Does anyone here have any ideas on what could be going on with it ? I keep the tractor in a garage and never noticed any fluid leaking. I looked everwhere underneath it today and saw no signs of anything leaking. Any help would be greatly appreciated.


----------



## Thomas

Have you change the hyd. filter lately?
Would there be control for speed adjustment/lock?
Guess nothing in the way to hamper rising/lowing?
Does the cable or linkage move freely between lever to control?


----------



## ErnieS

Could be air? Try cycling all controls ( up/down, curl and dump) to their limit and holding there a few seconds. Careful! All the way down on the loader should lift the front wheels.


----------



## Border

Thanks Thomas and ErnieS. No, I havent changed the filter.I have only had the tractor for 2 months. I've put 25 hrs on it and it has ran perfect till this week. I was wondering about air too ErnieS. I did put the bucket to the ground today to ccheck downpressure. It hesitated for a few seconds but then did lift the front wheels. Seemed like the steering was a little hard when slow turning in Low too thats another reason I was thinking fluid or lack of.


----------



## ErnieS

Hmmm 2 months old... I wonder if the loader was dealer installed and they didn't top off the fluid after they hooked it up?
25 hours with no no visible leaks on the garage floor makes me think the fluid was low at delivery. It shouldn't need a filter so soon. I'd continue cycling all cylinders, holding at limit for a while. Do it 4 or 5 times. Hopefully, it will clear up.


----------



## ErnieS

Border said:


> Thanks Thomas and ErnieS. No, I havent changed the filter.I have only had the tractor for 2 months. I've put 25 hrs on it and it has ran perfect till this week. I was wondering about air too ErnieS. I did put the bucket to the ground today to ccheck downpressure. It hesitated for a few seconds but then did lift the front wheels. Seemed like the steering was a little hard when slow turning in Low too thats another reason I was thinking fluid or lack of.

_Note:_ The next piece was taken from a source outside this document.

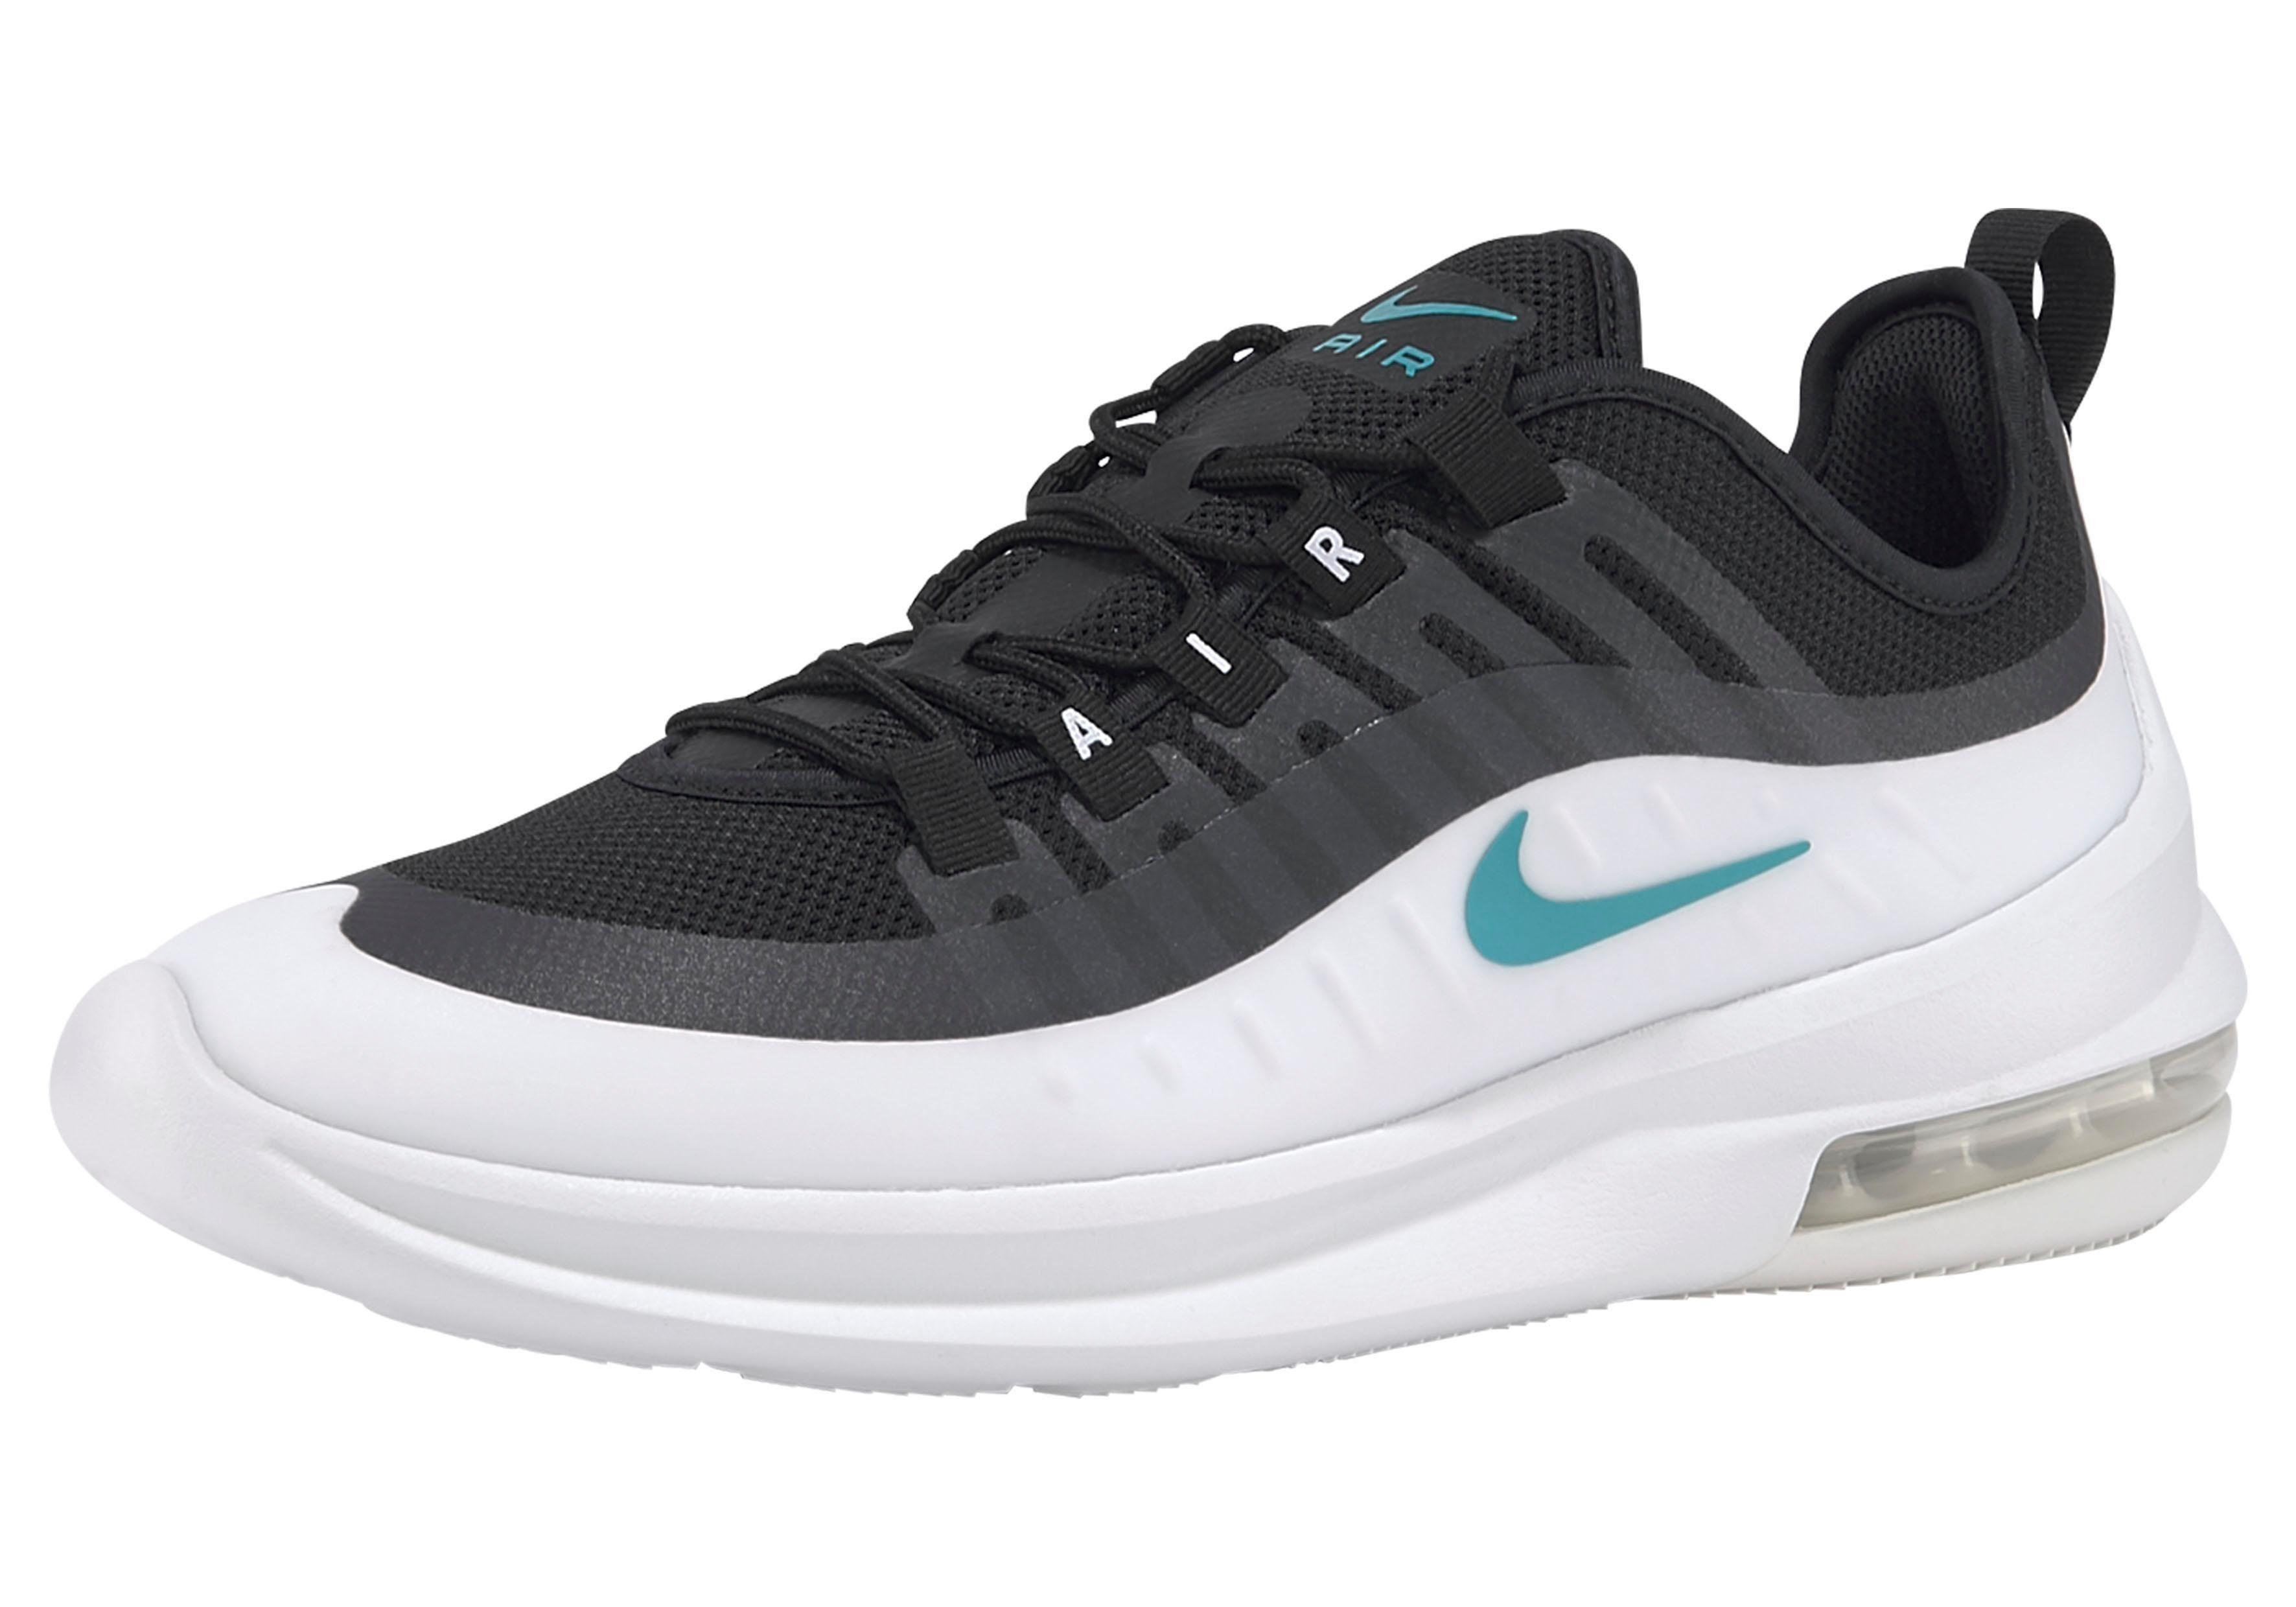 Nike Sportswear »Air Max Axis« Sneaker, Atmungsaktives Obermaterial aus Synthetik und Textil online kaufen | OTTO

My steering started pulsing a bit at low engine speed a while back. I turned the wheels to lock in each direction a few times and it cleared up


----------



## Border

My JD 4100 is a 2000 . I bought it used with 900 hrs on it.Looked like new . I am going to try cycling everything to max and holding for a few seonds in the morning. I never ccheked the trans fluid when I got it because everything was running fine.I know I should have but didnt . I did change the motor oil and filter though. So I guess I dont know, trans fluid may have been low when I got it but it everything worked perfect for the 25 hrs of use I put on it. I know I will be very anxious to try it in the morning.


----------



## ErnieS

Let us know how you make out


----------



## Border

Went to the JD dealer this morning after no luck with my tractor.Darndest thing, when i first started it up, the bucket and 3 pth both liofted but slowly with chatter.Did it 2 more times then they woulkdnt lift at all. Turned it off and tried it again 15 minutes later.Both lifted again ,one time, and then wouldnt lift at all. Described this to the service tech at JD, he and a salesman sitting at the desk behind, at the same time said "your screen is clogged" . I am changing out the fluid in the morning and cleaning the screen.No sure thing but they seemed pretty confident that is the problem. I'll let you guys know how it goes.


----------



## Border

Changed transmission fluid and cleaned the screen as the dealer instructed. Screen was clogged. Washed it out real good. That was the problem! Everything works great again. 
Thanks for the responses here, I appreciated them


----------